▶ **The data**:
::::::::
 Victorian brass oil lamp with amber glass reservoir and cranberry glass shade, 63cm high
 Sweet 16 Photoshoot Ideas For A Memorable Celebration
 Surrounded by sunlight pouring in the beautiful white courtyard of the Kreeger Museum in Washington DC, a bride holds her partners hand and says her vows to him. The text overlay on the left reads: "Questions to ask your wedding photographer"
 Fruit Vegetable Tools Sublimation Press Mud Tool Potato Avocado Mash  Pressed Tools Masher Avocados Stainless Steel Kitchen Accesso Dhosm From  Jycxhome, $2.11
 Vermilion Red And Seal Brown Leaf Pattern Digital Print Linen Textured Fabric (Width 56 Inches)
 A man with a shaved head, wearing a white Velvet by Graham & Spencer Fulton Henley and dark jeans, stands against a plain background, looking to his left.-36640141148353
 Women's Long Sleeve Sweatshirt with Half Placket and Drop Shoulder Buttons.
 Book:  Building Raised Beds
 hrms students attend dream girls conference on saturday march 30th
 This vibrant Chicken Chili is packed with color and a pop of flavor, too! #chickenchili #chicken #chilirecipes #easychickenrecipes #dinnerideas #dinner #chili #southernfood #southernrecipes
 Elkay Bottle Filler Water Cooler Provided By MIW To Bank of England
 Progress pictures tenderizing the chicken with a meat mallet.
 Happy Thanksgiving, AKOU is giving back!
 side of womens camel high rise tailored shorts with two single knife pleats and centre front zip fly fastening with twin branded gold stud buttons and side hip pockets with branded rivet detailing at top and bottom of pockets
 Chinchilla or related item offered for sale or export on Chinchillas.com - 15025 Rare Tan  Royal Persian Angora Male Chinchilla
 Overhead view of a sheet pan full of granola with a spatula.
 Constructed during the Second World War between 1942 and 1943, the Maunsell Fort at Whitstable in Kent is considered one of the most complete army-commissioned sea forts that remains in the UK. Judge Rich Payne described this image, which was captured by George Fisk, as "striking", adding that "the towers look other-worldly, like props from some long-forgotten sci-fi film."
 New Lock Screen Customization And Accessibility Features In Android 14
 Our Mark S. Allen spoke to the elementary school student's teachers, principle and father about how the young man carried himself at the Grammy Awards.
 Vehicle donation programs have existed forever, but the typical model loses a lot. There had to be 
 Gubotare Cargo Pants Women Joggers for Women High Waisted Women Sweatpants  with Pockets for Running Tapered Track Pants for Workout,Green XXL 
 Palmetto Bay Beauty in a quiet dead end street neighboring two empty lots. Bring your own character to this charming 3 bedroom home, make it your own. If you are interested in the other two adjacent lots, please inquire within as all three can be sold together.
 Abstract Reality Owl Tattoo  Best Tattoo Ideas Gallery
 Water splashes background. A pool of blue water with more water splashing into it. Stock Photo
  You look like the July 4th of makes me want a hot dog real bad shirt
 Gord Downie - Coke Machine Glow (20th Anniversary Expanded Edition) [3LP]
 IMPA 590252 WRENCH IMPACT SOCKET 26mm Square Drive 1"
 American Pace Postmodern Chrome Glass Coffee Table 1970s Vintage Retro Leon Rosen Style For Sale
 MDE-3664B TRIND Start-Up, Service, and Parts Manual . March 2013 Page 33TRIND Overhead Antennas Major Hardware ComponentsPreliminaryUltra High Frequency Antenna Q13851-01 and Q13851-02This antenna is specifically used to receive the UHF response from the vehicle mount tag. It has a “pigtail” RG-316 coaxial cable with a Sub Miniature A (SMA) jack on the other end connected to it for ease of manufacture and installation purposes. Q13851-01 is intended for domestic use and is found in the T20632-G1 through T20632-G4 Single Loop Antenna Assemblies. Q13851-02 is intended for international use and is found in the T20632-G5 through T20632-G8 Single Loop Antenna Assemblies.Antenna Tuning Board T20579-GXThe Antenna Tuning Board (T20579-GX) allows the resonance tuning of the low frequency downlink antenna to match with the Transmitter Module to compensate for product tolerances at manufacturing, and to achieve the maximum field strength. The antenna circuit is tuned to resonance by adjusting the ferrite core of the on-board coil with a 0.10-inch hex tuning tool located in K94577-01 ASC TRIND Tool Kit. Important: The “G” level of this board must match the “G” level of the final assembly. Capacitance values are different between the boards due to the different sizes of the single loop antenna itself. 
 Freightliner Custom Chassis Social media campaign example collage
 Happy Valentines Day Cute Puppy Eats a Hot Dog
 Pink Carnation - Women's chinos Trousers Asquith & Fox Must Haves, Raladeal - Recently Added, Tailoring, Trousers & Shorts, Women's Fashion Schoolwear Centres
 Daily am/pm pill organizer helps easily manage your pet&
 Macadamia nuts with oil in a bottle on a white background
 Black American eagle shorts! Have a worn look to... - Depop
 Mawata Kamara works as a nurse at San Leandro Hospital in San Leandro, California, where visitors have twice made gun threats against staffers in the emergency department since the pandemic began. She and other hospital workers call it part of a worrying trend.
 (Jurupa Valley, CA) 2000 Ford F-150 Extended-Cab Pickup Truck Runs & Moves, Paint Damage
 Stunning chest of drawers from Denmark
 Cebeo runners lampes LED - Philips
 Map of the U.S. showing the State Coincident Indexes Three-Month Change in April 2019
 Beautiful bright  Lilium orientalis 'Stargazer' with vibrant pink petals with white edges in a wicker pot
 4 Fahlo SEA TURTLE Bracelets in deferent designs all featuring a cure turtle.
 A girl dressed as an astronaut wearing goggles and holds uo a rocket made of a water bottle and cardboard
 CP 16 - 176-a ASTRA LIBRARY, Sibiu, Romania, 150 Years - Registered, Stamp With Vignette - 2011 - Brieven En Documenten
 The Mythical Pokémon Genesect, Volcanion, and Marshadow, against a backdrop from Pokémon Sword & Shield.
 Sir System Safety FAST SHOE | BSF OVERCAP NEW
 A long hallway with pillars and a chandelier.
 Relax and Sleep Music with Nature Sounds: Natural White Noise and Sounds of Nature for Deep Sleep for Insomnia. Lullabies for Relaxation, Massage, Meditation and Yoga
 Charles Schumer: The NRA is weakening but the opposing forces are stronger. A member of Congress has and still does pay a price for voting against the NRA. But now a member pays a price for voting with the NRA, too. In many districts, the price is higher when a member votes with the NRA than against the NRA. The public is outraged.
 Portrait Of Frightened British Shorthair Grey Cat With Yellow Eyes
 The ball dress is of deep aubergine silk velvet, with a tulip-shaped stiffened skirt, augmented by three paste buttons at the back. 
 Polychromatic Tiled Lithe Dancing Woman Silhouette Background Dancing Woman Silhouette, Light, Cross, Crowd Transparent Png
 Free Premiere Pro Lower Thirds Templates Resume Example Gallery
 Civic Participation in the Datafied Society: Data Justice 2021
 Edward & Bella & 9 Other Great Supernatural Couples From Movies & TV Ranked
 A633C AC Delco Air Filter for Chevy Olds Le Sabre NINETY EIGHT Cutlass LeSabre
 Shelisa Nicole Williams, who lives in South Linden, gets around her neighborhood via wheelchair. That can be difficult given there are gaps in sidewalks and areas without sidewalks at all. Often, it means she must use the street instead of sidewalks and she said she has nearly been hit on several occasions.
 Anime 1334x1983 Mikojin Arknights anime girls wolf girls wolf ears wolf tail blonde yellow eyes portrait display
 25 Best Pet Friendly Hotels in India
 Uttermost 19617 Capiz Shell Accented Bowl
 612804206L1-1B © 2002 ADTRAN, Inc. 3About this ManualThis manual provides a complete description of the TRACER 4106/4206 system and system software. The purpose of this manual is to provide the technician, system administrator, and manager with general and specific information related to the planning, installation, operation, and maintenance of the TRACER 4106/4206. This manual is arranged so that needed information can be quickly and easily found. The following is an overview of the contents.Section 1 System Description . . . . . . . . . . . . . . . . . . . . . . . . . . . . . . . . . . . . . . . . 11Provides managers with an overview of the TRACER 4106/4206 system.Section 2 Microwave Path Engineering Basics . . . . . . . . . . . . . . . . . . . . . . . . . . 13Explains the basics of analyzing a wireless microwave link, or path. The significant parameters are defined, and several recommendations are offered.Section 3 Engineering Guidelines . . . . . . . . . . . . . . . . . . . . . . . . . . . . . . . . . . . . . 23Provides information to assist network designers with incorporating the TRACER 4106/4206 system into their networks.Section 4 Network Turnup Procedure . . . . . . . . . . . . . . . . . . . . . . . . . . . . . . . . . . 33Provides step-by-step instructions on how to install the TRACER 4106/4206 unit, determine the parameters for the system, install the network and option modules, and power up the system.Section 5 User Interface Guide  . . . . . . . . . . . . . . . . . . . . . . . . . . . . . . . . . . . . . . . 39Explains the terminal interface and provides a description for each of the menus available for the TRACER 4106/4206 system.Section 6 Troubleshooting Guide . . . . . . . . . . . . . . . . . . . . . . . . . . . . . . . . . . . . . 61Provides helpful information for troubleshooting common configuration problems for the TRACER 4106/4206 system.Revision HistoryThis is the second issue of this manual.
::::::::
▶ **What to do**: Starting at the line with "Building Raised Beds" and ending at the line with "Overhead view of", print each line of the listing above exactly, with no other lines.

▶ **Written response**:
 Book:  Building Raised Beds
 hrms students attend dream girls conference on saturday march 30th
 This vibrant Chicken Chili is packed with color and a pop of flavor, too! #chickenchili #chicken #chilirecipes #easychickenrecipes #dinnerideas #dinner #chili #southernfood #southernrecipes
 Elkay Bottle Filler Water Cooler Provided By MIW To Bank of England
 Progress pictures tenderizing the chicken with a meat mallet.
 Happy Thanksgiving, AKOU is giving back!
 side of womens camel high rise tailored shorts with two single knife pleats and centre front zip fly fastening with twin branded gold stud buttons and side hip pockets with branded rivet detailing at top and bottom of pockets
 Chinchilla or related item offered for sale or export on Chinchillas.com - 15025 Rare Tan  Royal Persian Angora Male Chinchilla
 Overhead view of a sheet pan full of granola with a spatula.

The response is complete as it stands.